* [Recorded information]
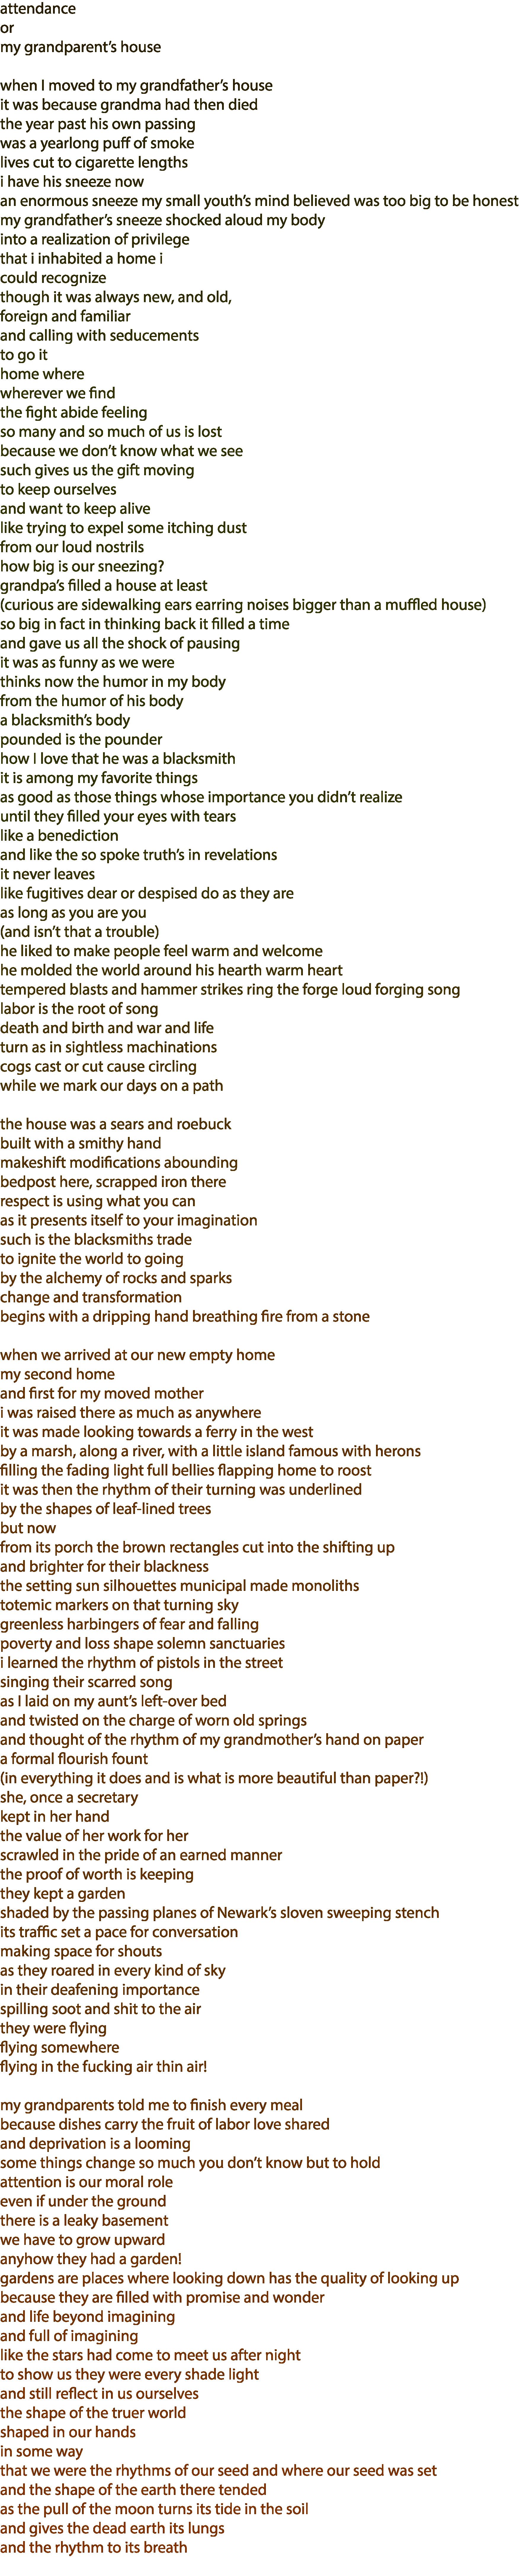 dumbbird xxi poem.png
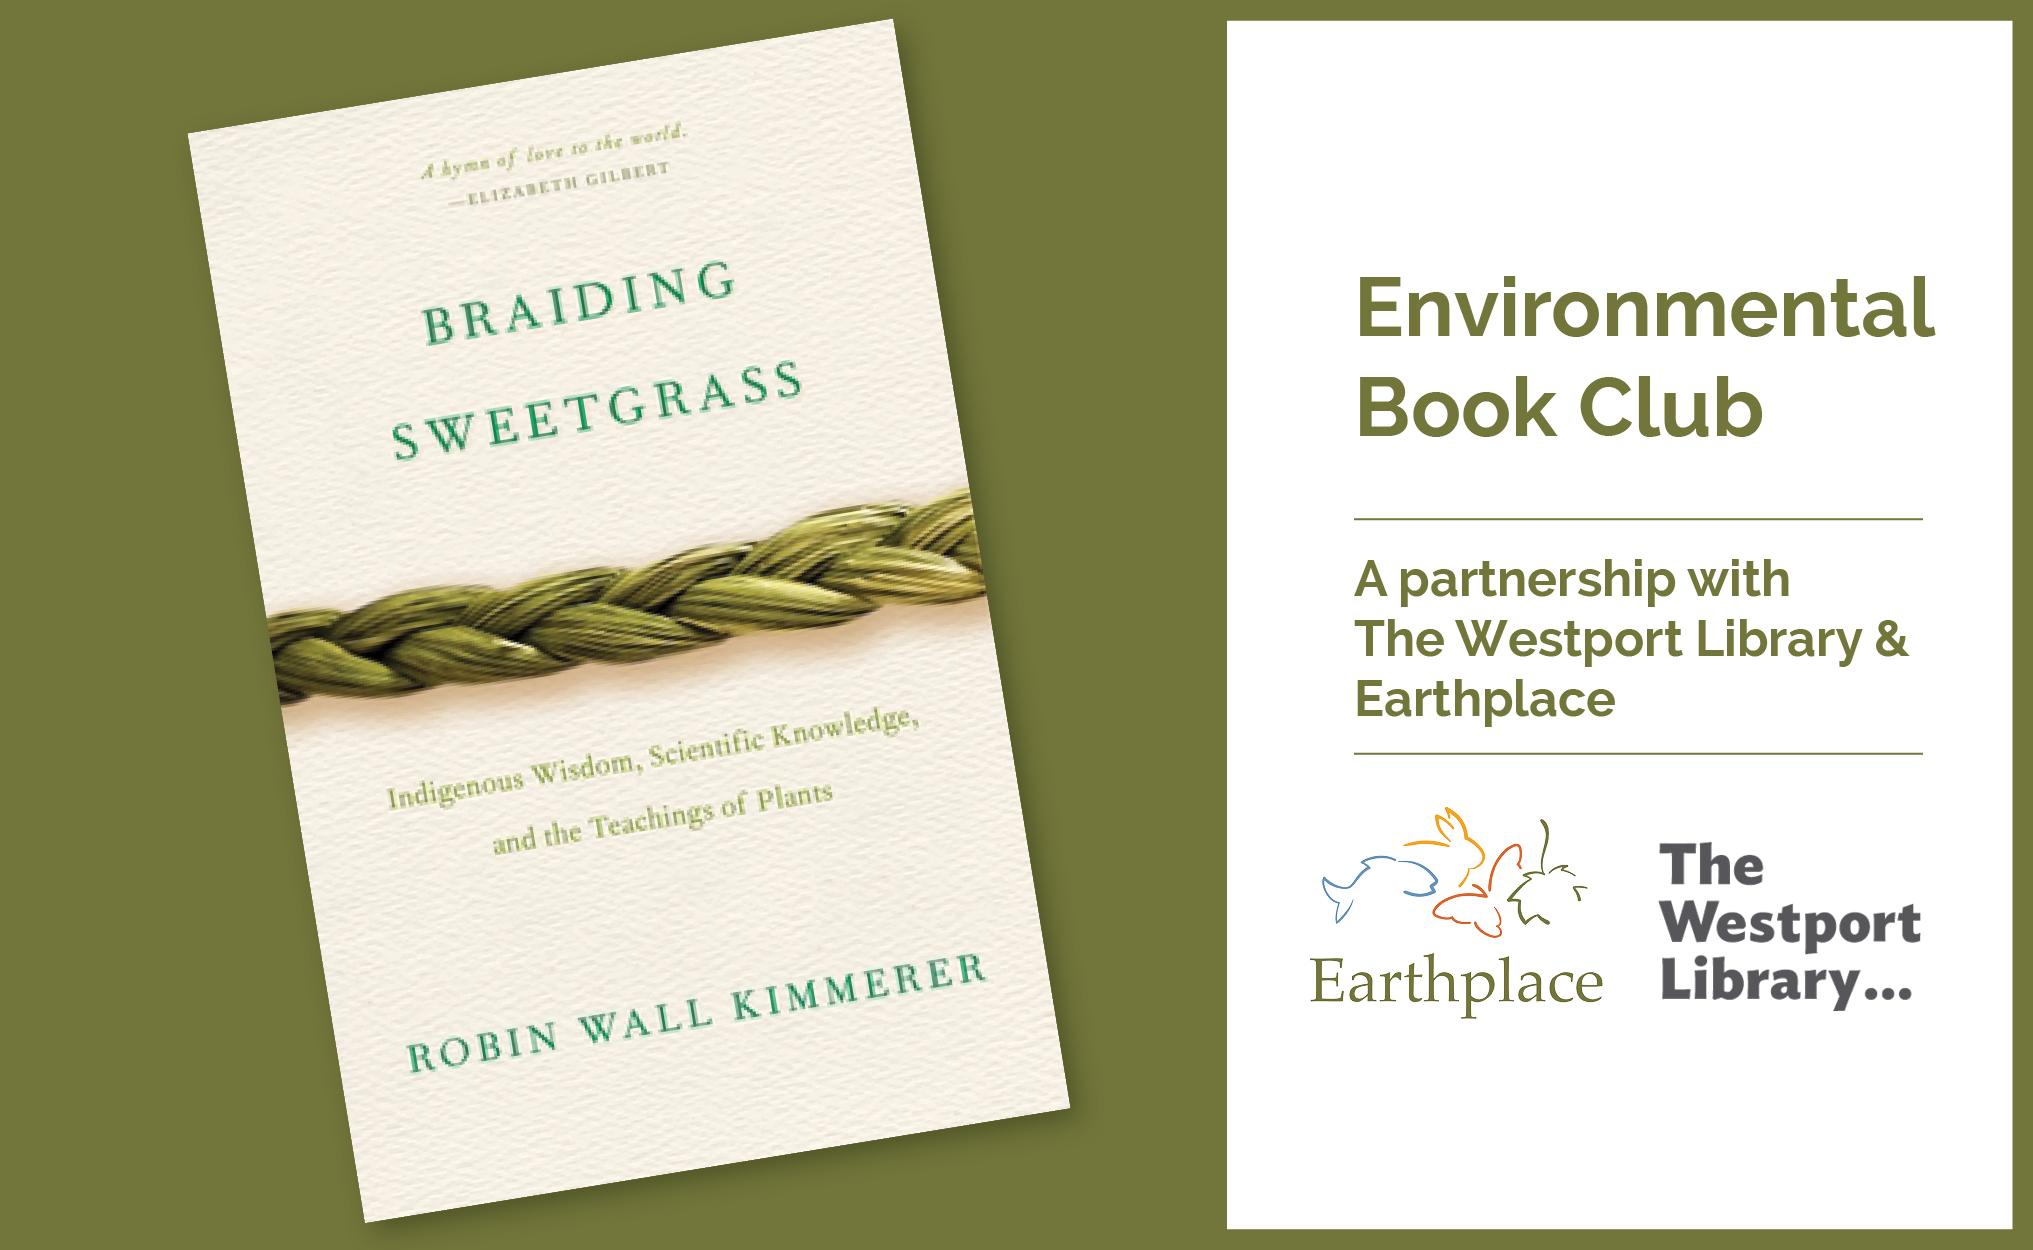 Environmental Book Club - Braiding Sweetgrass
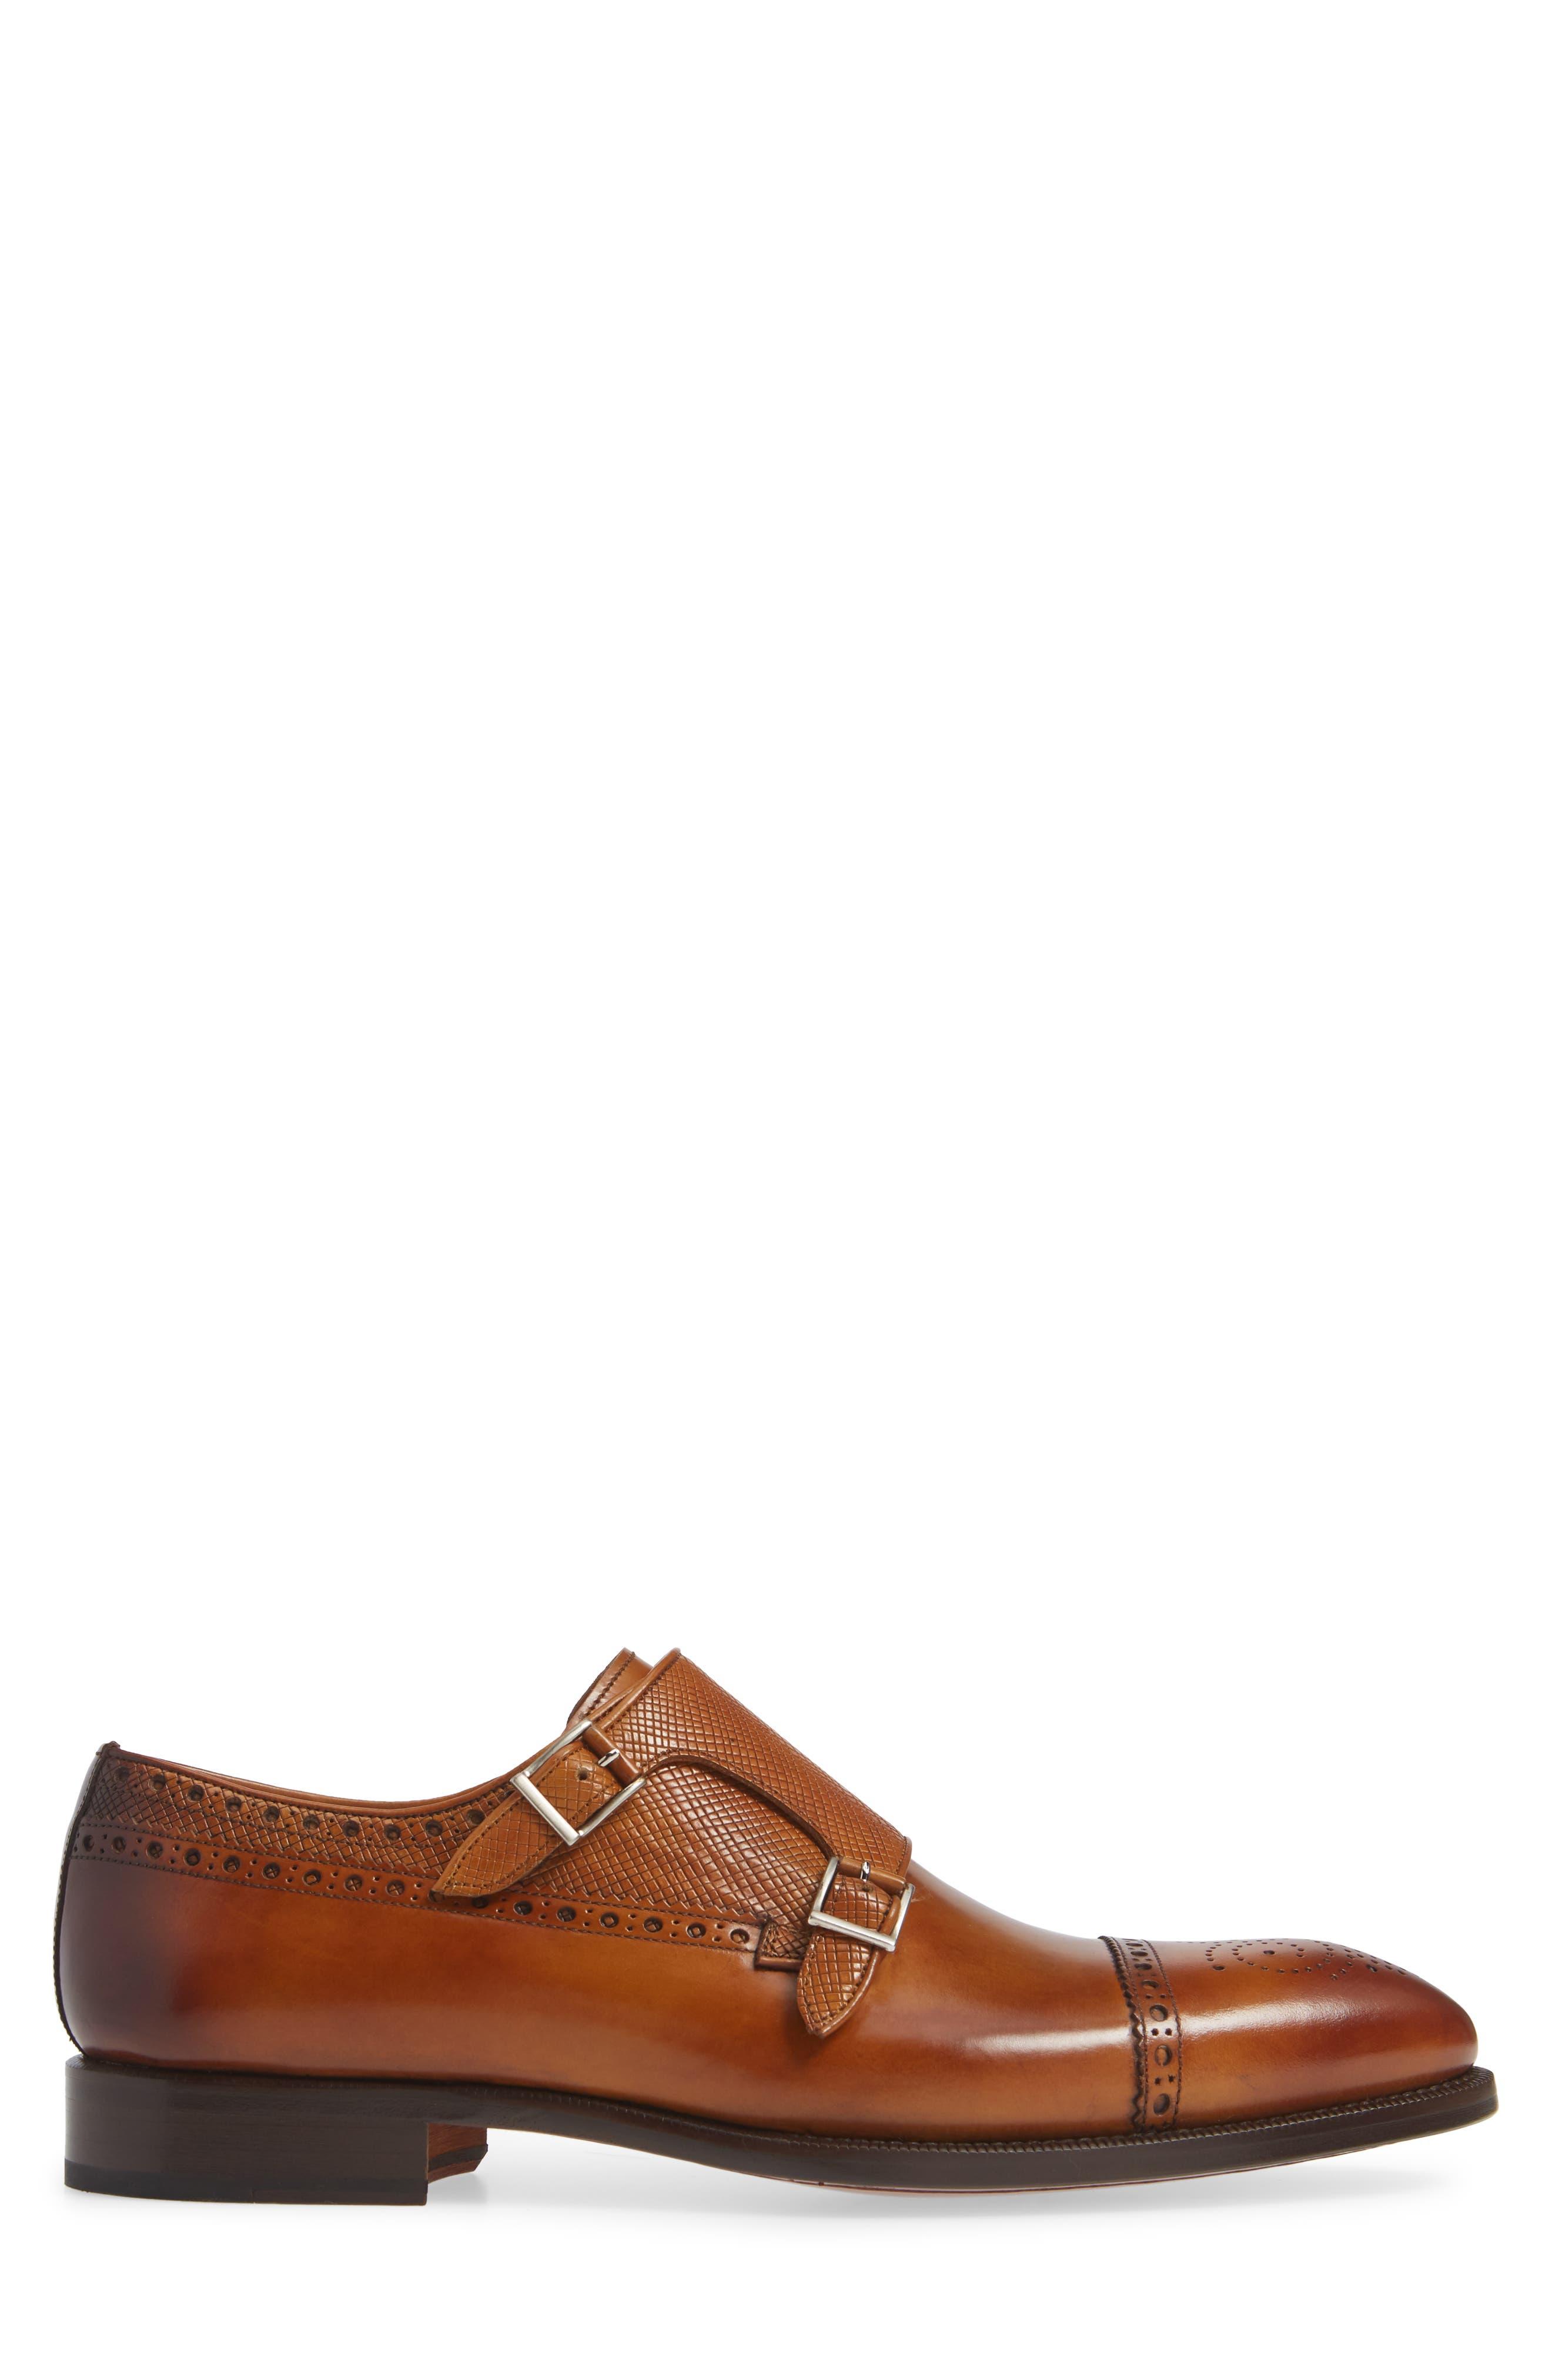 Valda Double Strap Cap Toe Monk Shoe,                             Alternate thumbnail 3, color,                             BROWN LEATHER

* [Exercise aim]
Drop the images, then copy the data exactly.

* [Response to this exercise]
 dumbbird xxi poem.png
 Environmental Book Club - Braiding Sweetgrass
 Valda Double Strap Cap Toe Monk Shoe,                             Alternate thumbnail 3, color,                             BROWN LEATHER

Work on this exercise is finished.